Innate Immune Response During Community Acquired Pneumonia (ImPACT)

Innate Immunity During Community Acquired Pneumonia: A Translational Approach

Community acquired pneumonia (CAP) is a major cause of morbidity and mortality worldwide. Despite recent improvement in acute management (specifically for administration of antibiotics) many severe presentations of pneumonia worsen, progressing to Acute Respiratory Distress Syndrome (ARDS), a clinical entity with 40% hospital mortality.

Dysregulation of immune response is thought to be largely implicated in severe pneumonia progressing to ARDS. Notably, experimental studies have recently suggested the implication of non-conventional T lymphocytes and innate cells in this immunopathology. However, no data are available in Humans in clinical settings.

This study aims to explore the role of non-conventional T cells in pneumonia and ARDS, in participants. For this purpose, 100 participants admitted to Intensive Care Unit (ICU) with a diagnosis of CAP will be included, and 50 "control" participants with no pneumonia nor shock. Presence and functionality of non-conventional T cells and innate cells will be explored using flow-cytometry and ex-vivo stimulation, alongside with cytokines productions. These analyses are conducted in the blood, and, for invasively ventilated participants, in tracheal aspirates or broncho-alveolar fluids if available. For each participants included, the analyses are conducted at different time-points during ICU stay: inclusion, day 3, day 8 and day 15. Moreover, participants with ARDS, for whom a post-ICU follow-up program is normally established after discharge, will have blood analysis from blood samples taken during the follow-up visit up to 8 months after inclusion.

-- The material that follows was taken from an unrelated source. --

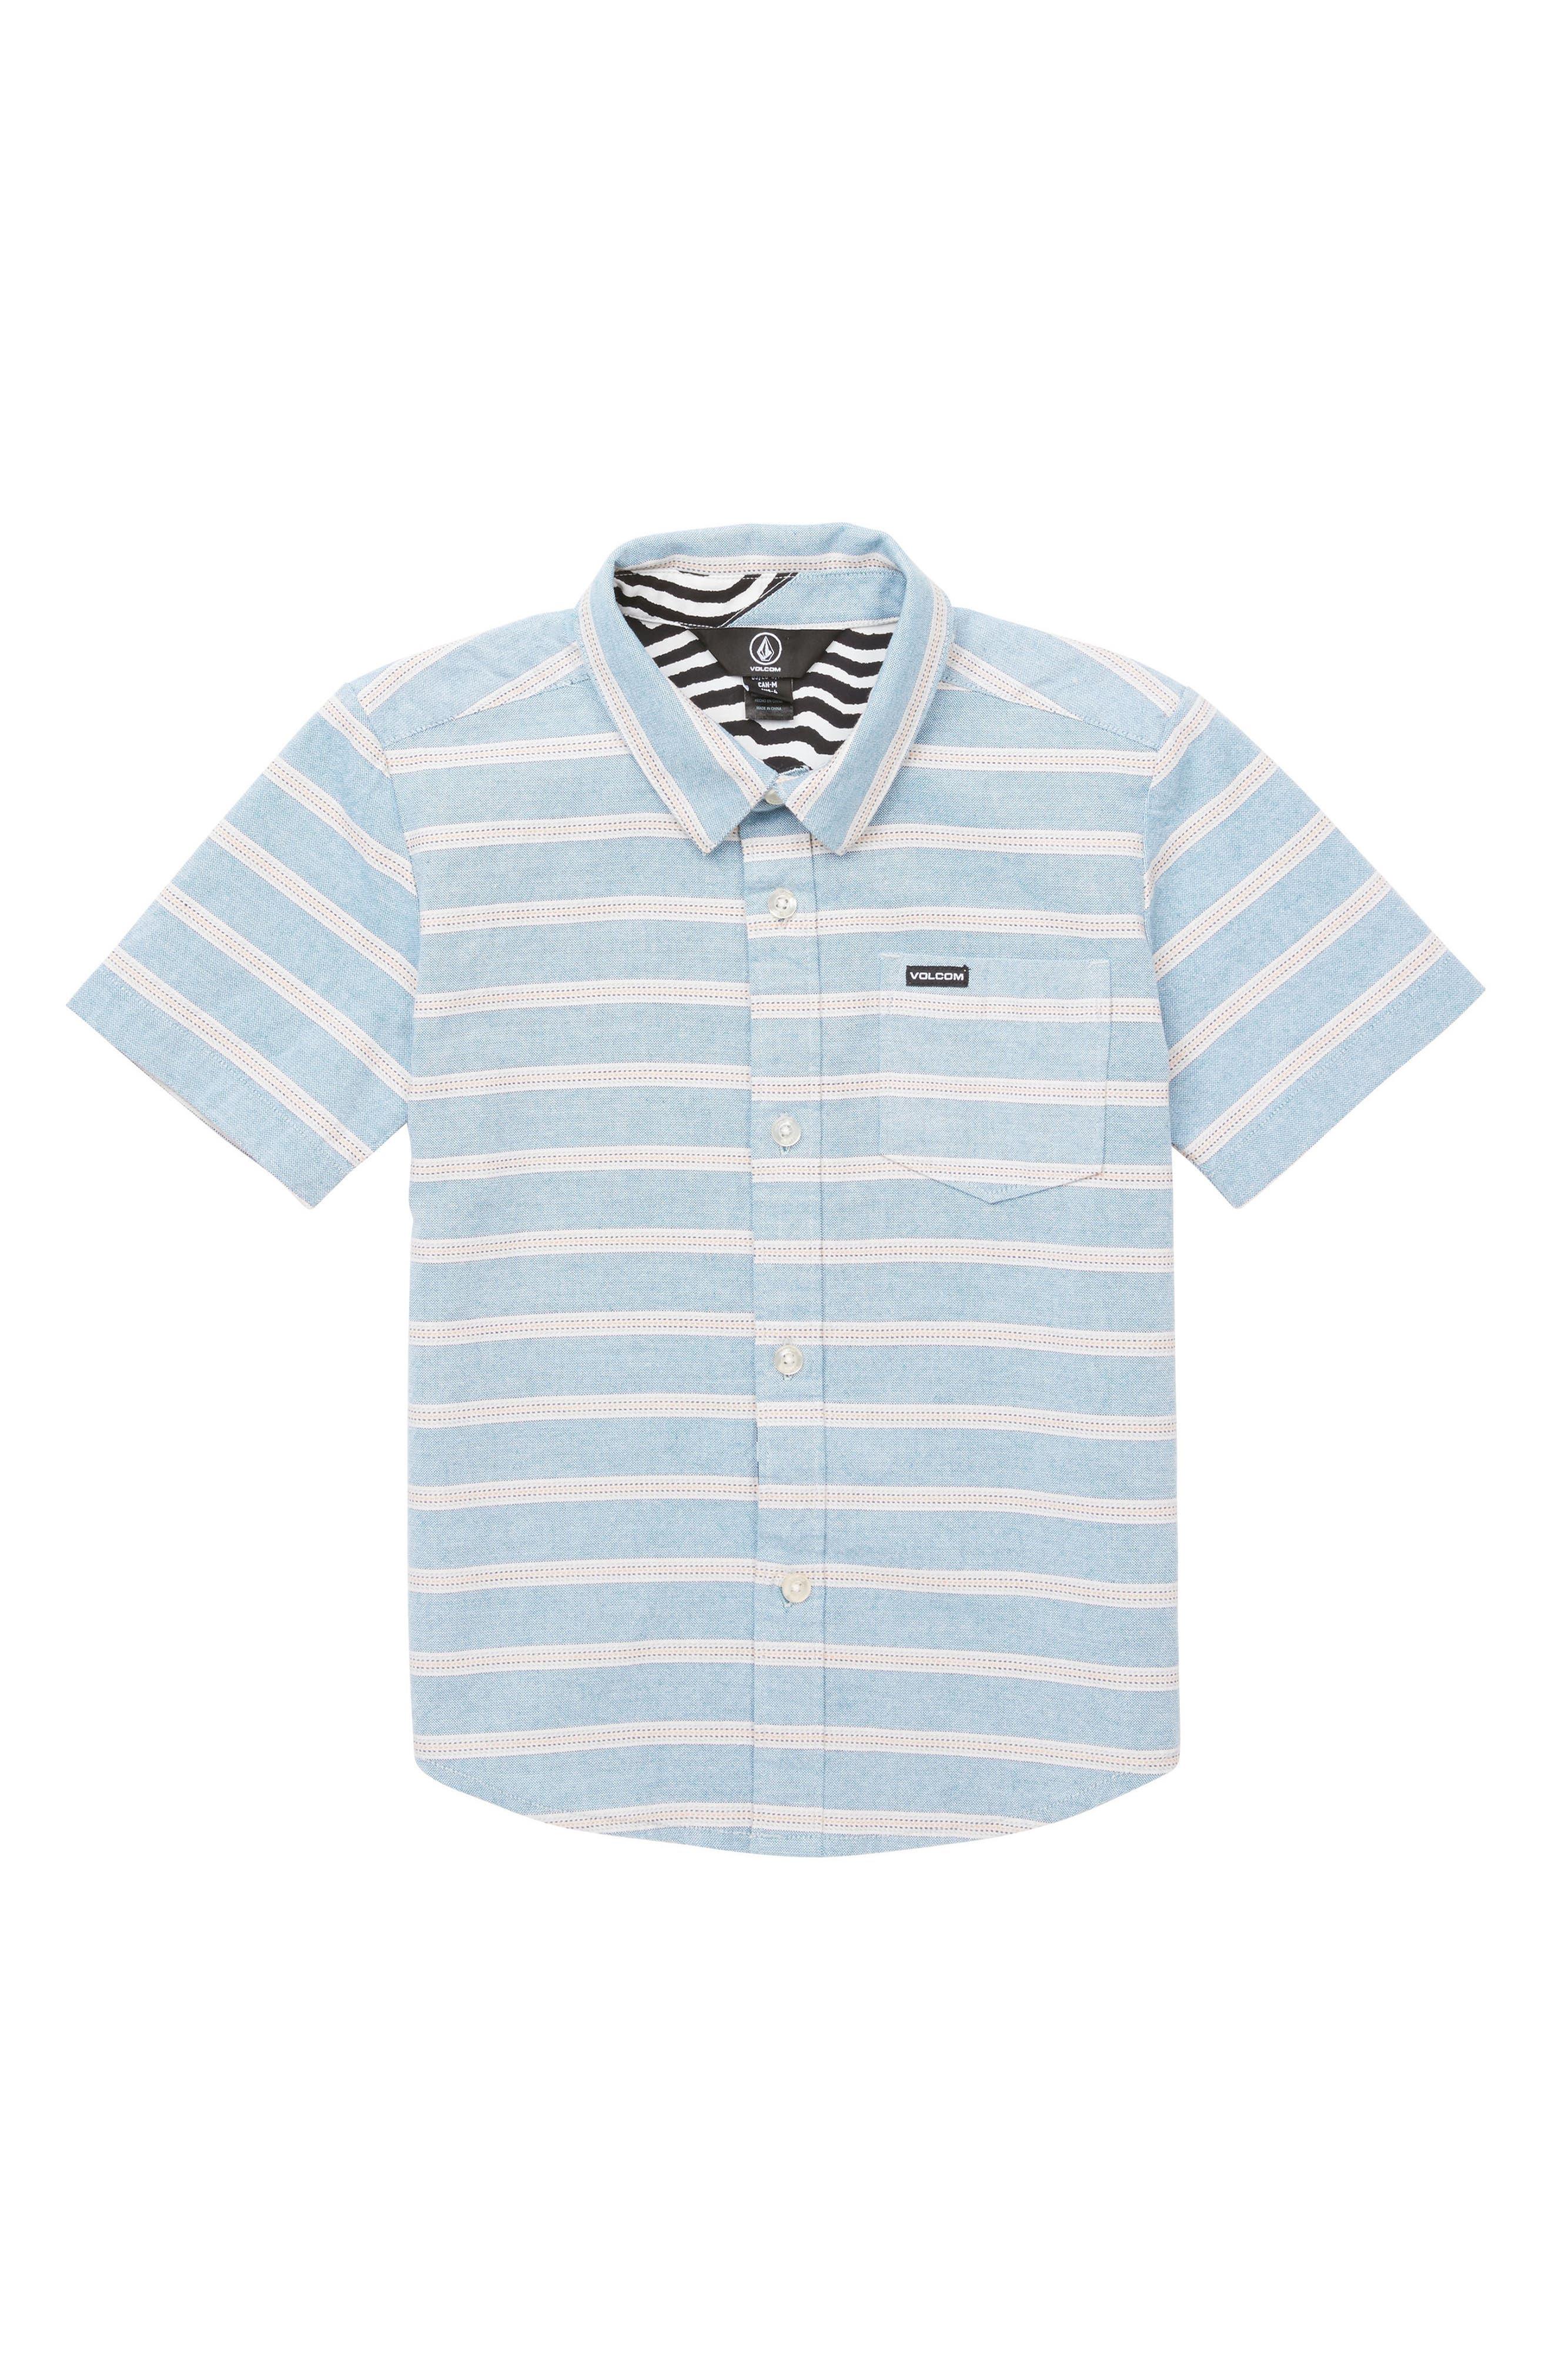 Branson Stripe Woven Shirt,                             Main thumbnail 1, color,                             Vintage Blue

Immunophenotypage and functionality of non-conventional T cells and innate cells will be compared to clinical parameters and their evolution, between "CAP" participants and "Control" participants", and for each participants, according to the different time-point of analysis, in order to better understand dynamic of innate immunity during pneumonia and ARDS.

Study Overview

• Status: Terminated
• Conditions: Acute Respiratory Distress Syndrome; Community-acquired Pneumonia; Innate Immunity
• Intervention / Treatment: Other: Blood samples; Other: Tracheal Aspirates; Other: Surplus of Broncho-alveolar lavage fluid

Detailed Description

- Clinical and scientific background:

Community acquired pneumonia is a major cause of morbidity and mortality worldwide. Despite recent improvement in acute management (specifically for administration of antibiotics), severe pneumonia can worsen and ultimately progressing to Acute Respiratory Distress Syndrome (ARDS), a clinical entity with an inacceptable 40% hospital mortality. From a pathophysiological point of view, ARDS is characterized by a deregulation of pulmonary inflammation initially triggered by the local aggression, which is, in two-third of the cases, a pneumonia. Alteration of tissue repair is another major characteristic of this entity. So far, the scientific knowledge on this pathophysiology did not translate into specific therapy that could modulate efficiently the inflammatory response and to control the progression from pneumonia to ARDS, and/or to improve tissue repair. Thus, a complete reconsideration of the pathophysiological mechanisms is mandatory. Recent progresses in mucosal biology and innate immunity give interesting new opportunities. Specifically, recently discovered unconventional T cells have shown to be major actors in shaping and modulating early immune responses in the lung mucosa during microbial aggressions and for secondary tissue repair. However, these evidences are limited to pre-clinical models. In many other human diseases (oncology, immune diseases), these sub-populations are already being explored as potential targets for immune therapies.

- Objective of the study:

The aim of this study is to explore potential implications of unconventional T cells during human severe pneumonia and ARDS.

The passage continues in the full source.